Nous avons évoqué au passage dans ce qui précède, à travers la nécessité de communiquer au sujet un sentiment de confiance, ce qui constitue un autre critère mis en évidence par Matsumoto sous le nom de « Researcher-Informant relationship ». C'est pour elle un facteur qui peut avoir une considérable influence sur le processus de verbalisation et qui détermine pour une large part la fiabilité et la véridicité des données recueillies à travers la principale limite de la technique d'introspection consécutive à la tâche, à savoir le fait qu'elle n'empêche pas la construction a posteriori d'hypothèses. En effet, les sujets peuvent en dire plus qu'ils n'en savent vraiment de leur propre cognition, en raison de "l'idée qu'ils se font de ce qu'il serait bien de dire pour être un apprenant idéal ou pour satisfaire la recherche".

A contrario, le sujet peut également dire moins que ce qu'il sait vraiment de sa propre cognition en raison de plusieurs facteurs :

- un objet d'introspection trop vaste, une tâche insuffisamment spécifique – l'introspection reste alors inefficace – ;

- l'automaticité de certains processus sur lesquels le sujet réfléchit les rend inaccessibles, il est alors incapable de revenir dessus, mais le lui demande-t-on ? En d'autres termes, veut-on qu'il spécule sur l'épilinguistique (en ce cas, rien ne permettra de savoir, ni à l'enquêteur ni au sujet, si ce qui est dit est véridique) ou bien qu'il restitue ce qui était au moment de la tâche, son activité métalinguistique ? ;

- la variabilité interindividuelle quant à la facilité verbale : même chez des individus de capacité langagière normale et égale, la capacité de produire des données rapportées par introspection est variable ;

- enfin, en raison aussi des suppositions que le sujet peut faire sur la suite de l'entretien, comme T3 qui n'en dit pas trop à la première question car il a pensé qu'on allait y revenir par la suite. C'est tout le problème de l'emploi du terme "résumer" en Q1, sachant qu'avec son substitut « dites tout ce que vous avez compris », les sujets ont tendance à se livrer à une traduction.

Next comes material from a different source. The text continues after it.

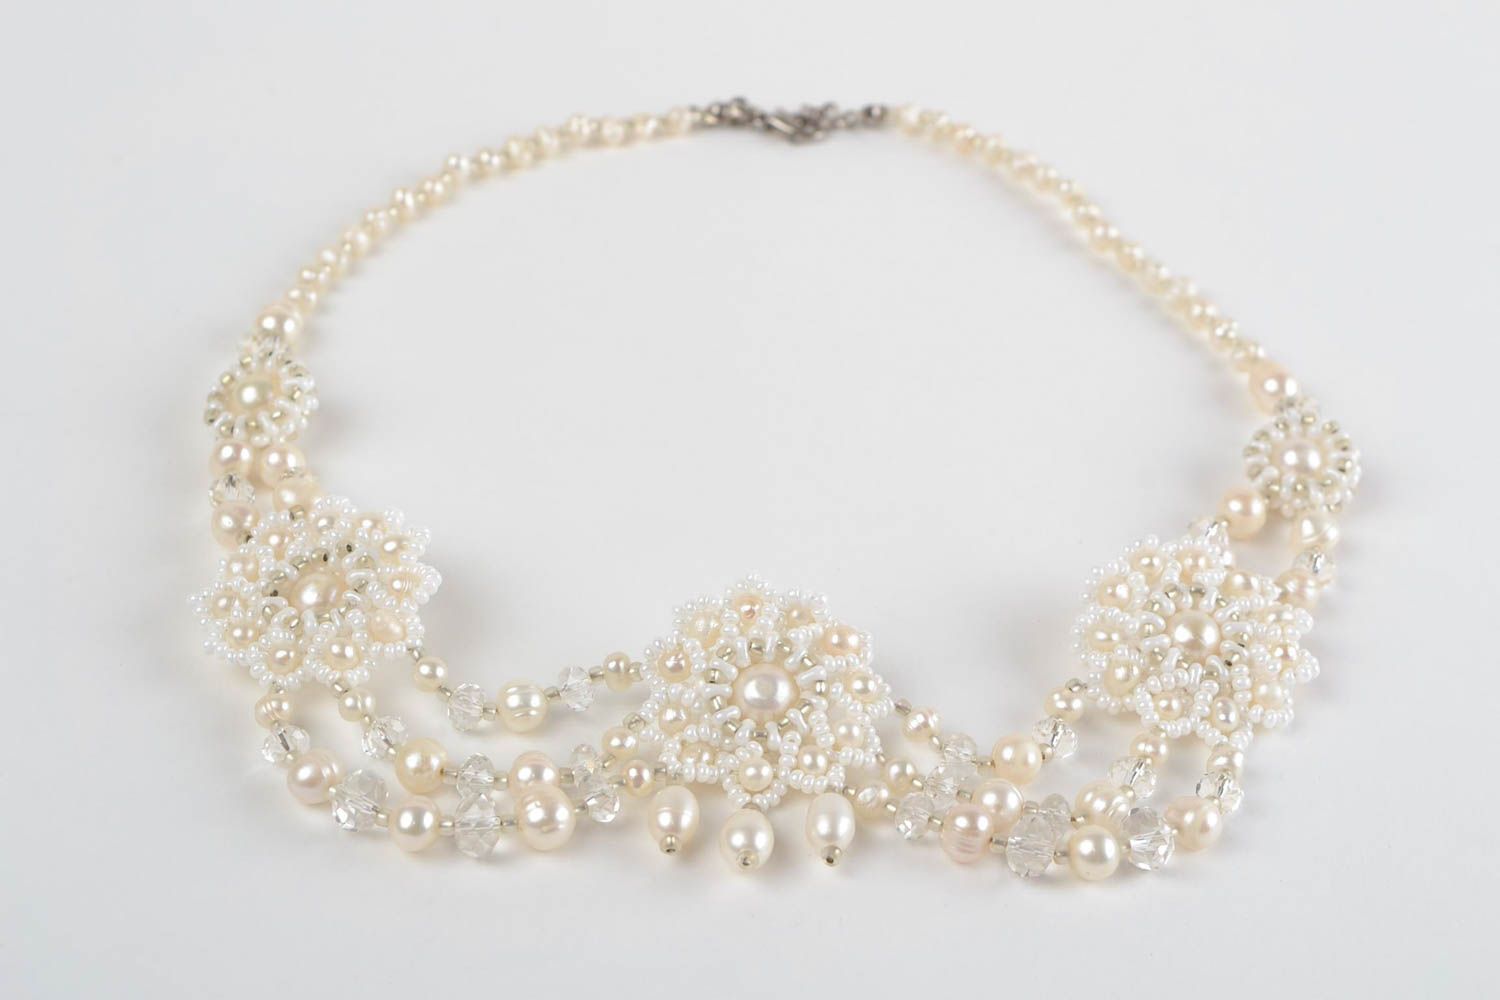 Beautiful festive handmade white necklace made of beads and natural stones photo 5

Pour pallier ces difficultés, notre protocole de recueil de données fait appel comme nous l'avons vu, à différents types de données (extrospectives et introspectives, observation par l'enquêteur) ainsi qu'à différents types de techniques introspectives (consécutive, concomitante, après un léger différé). C'est d'ailleurs la parade préconisée le plus fréquemment par les auteurs que nous avons consultés sous le nom de « combination of methods » (C. Færch & G. Kasper 1987, K. Matsumoto 1994). Seule la source, le texte utilisé, ne varie pas. Cette pluralité, jointe au volume important de données ainsi recueillies et à la démarche de l'entretien semi-structuré, n'en facilite pas néanmoins l'analyse. Mais si nous avons rencontré des difficultés, nous avons aussi pu nous faire une idée du bénéfice qu'un apprenant éventuel pourrait tirer de tels

échanges , dans une situation d'apprentissage semi-guidée par exemple (c'est-à-dire par tutorat).

26 Ce qui constitue le 9è critère de Matsumoto (ibid.) : « Degree of benefit to the informant learner ». Critère néanmoins non applicable ici puisque nos sujets ne sont pas des apprenants.